WORK REQUEST: Reproduce the whole listing word for word. Leave every image out.

DATA BLOCK:
___

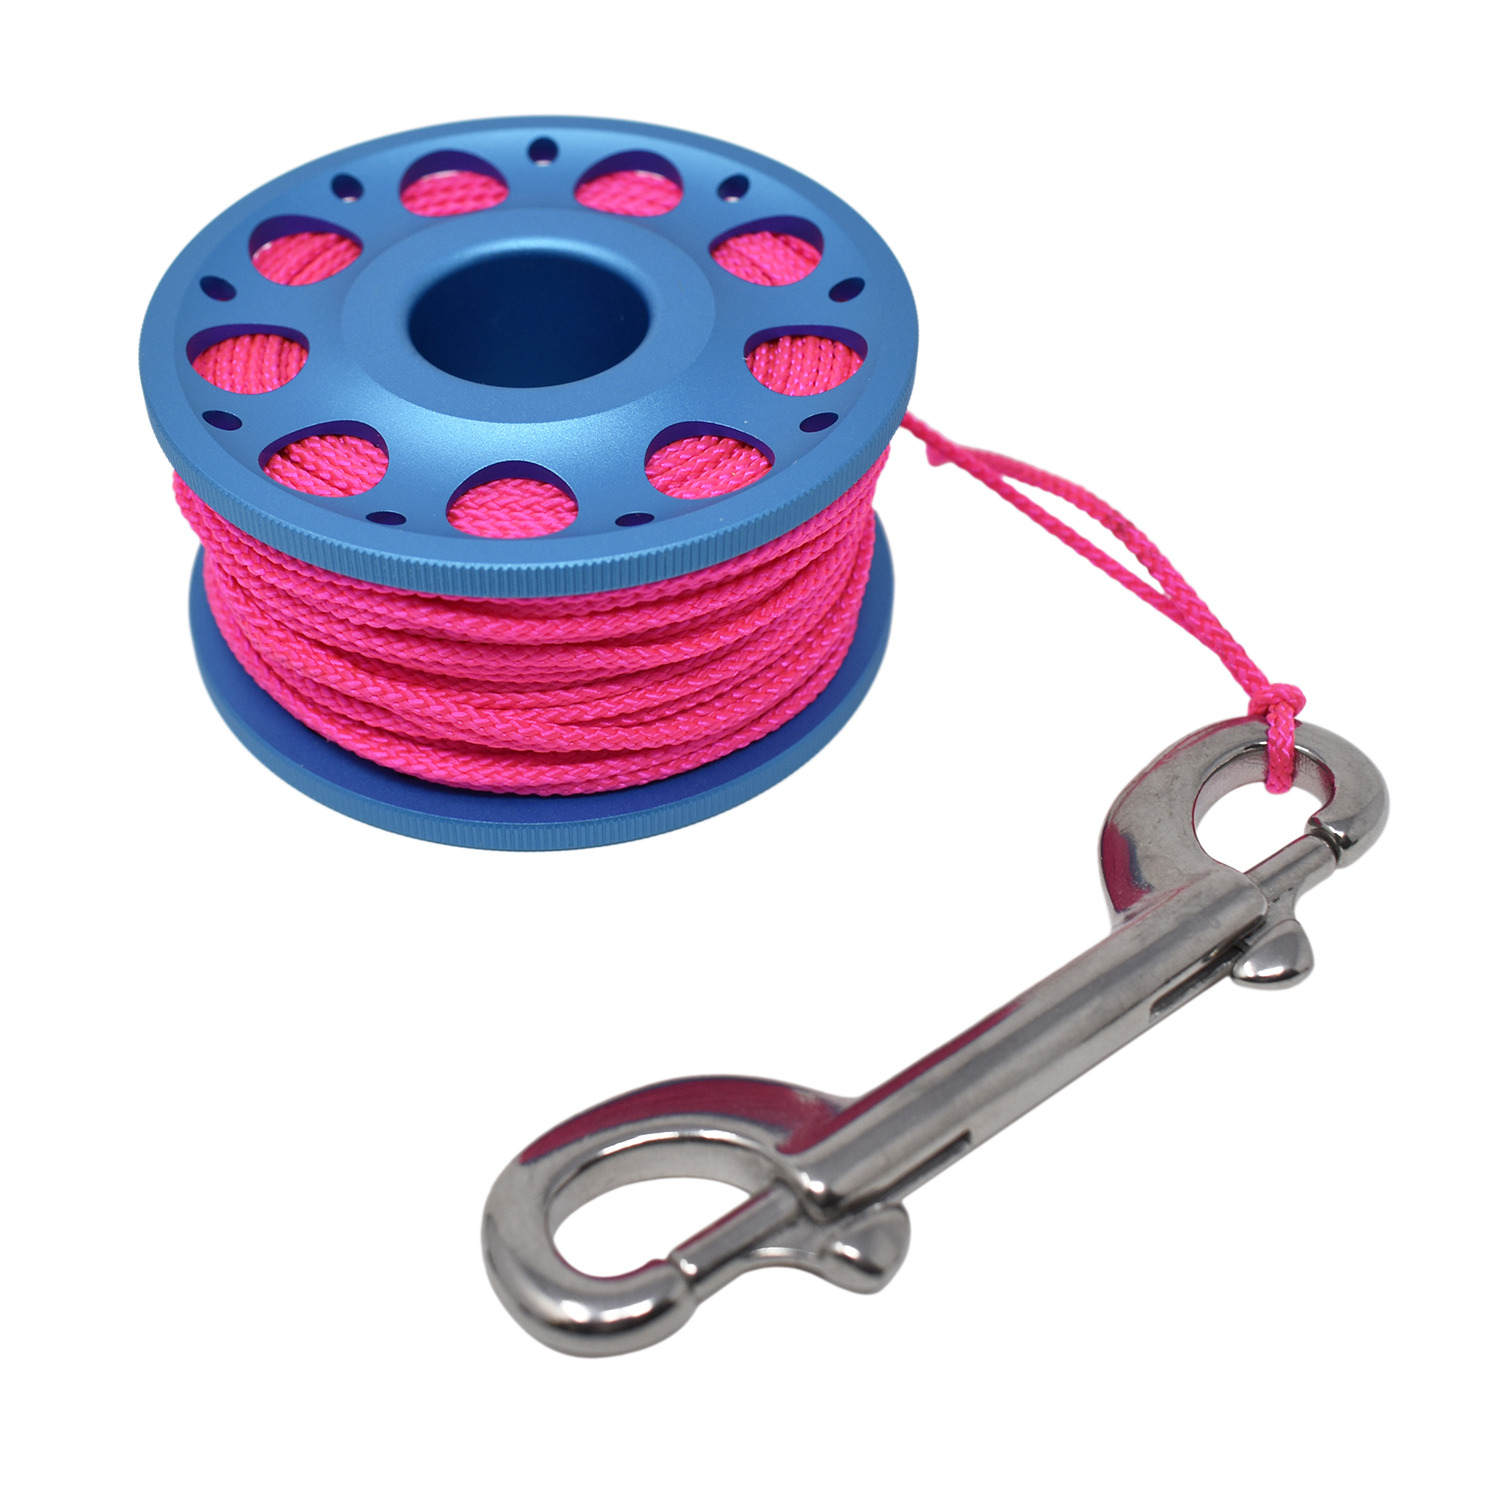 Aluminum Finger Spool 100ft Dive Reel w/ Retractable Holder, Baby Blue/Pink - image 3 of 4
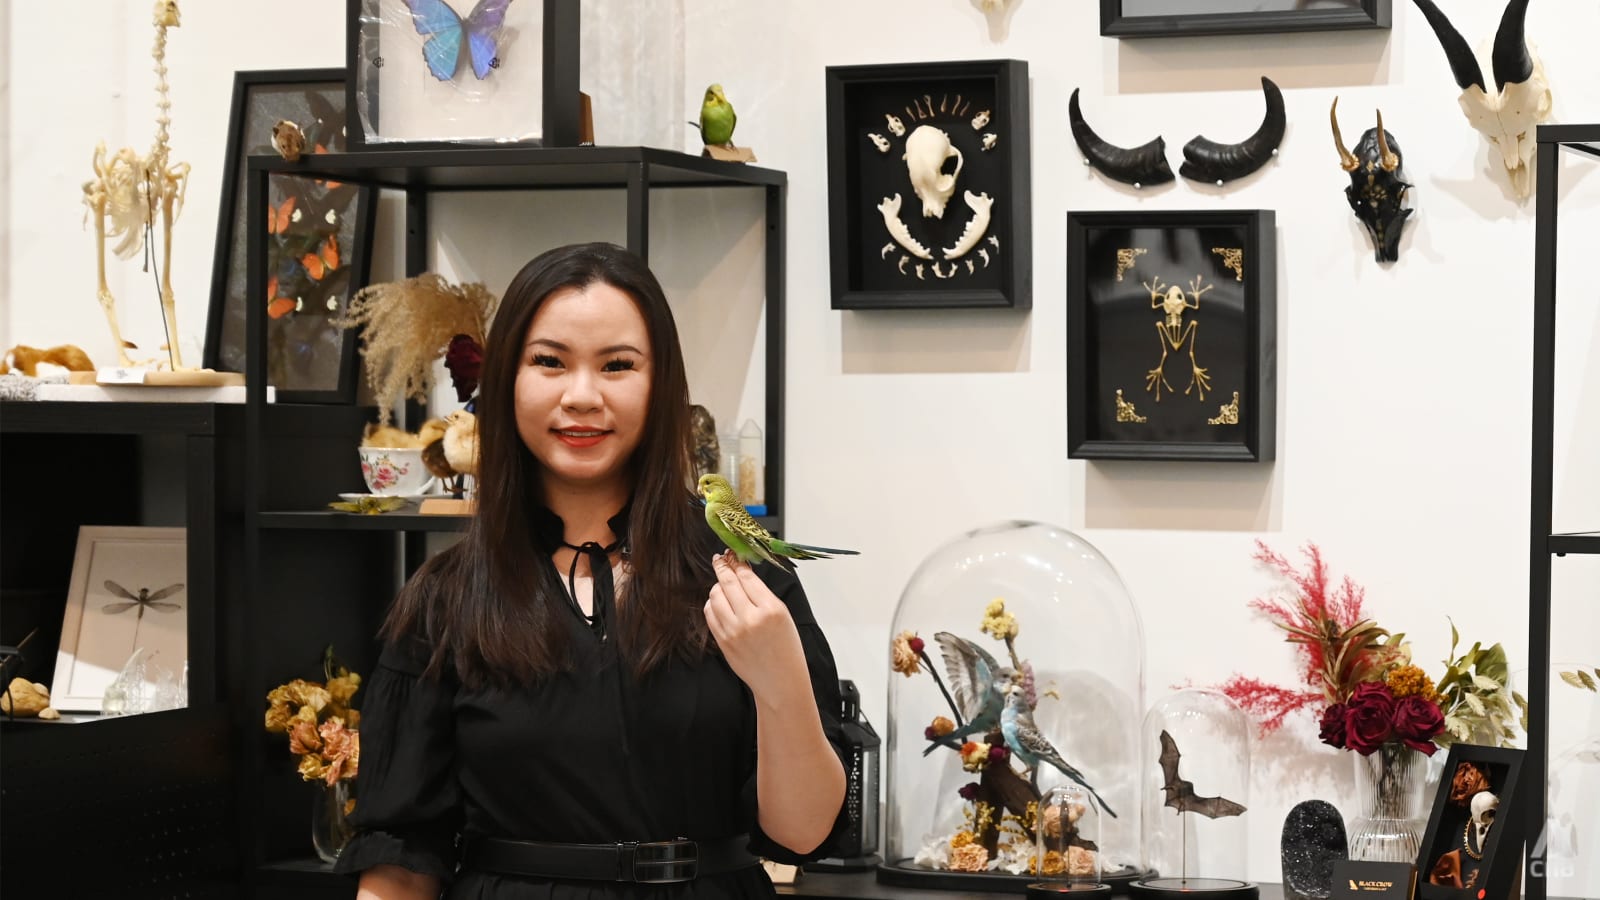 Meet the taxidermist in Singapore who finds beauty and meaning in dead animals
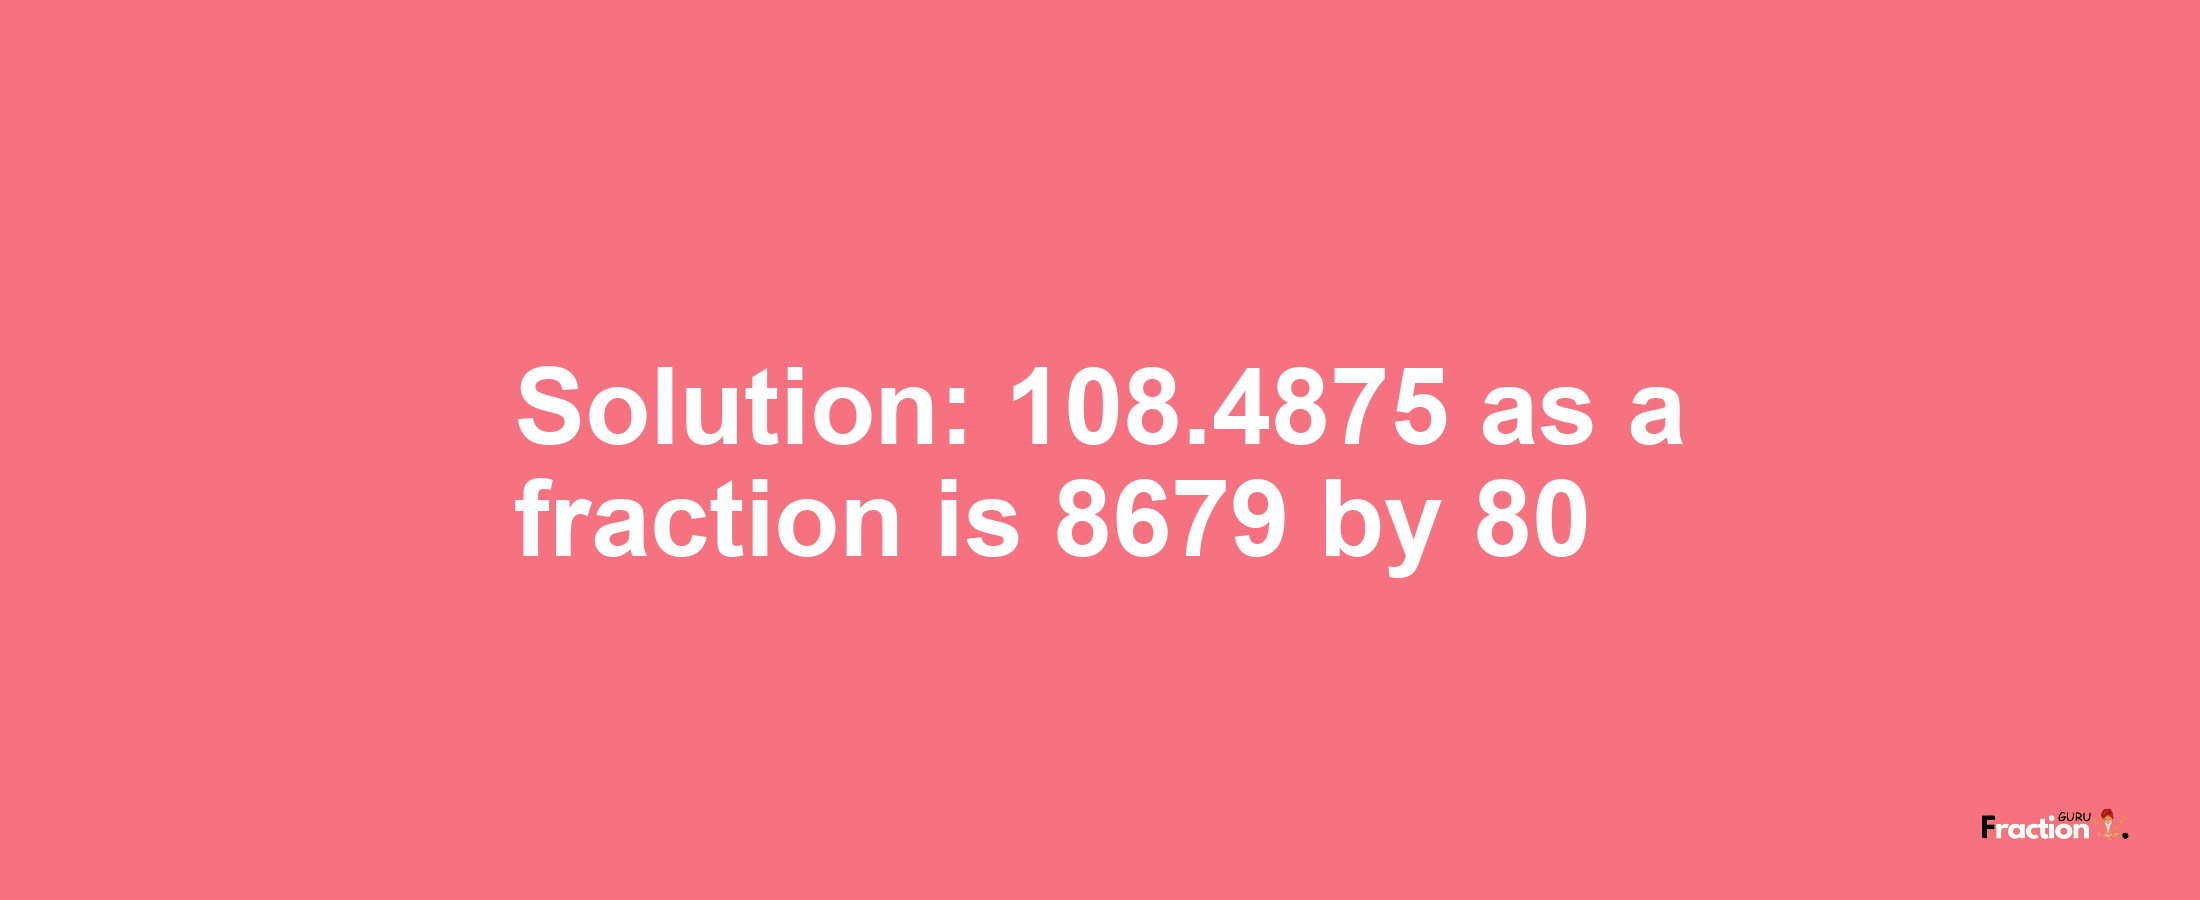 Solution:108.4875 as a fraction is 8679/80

___

TASK RESPONSE:
 Aluminum Finger Spool 100ft Dive Reel w/ Retractable Holder, Baby Blue/Pink - image 3 of 4
 Meet the taxidermist in Singapore who finds beauty and meaning in dead animals
 Solution:108.4875 as a fraction is 8679/80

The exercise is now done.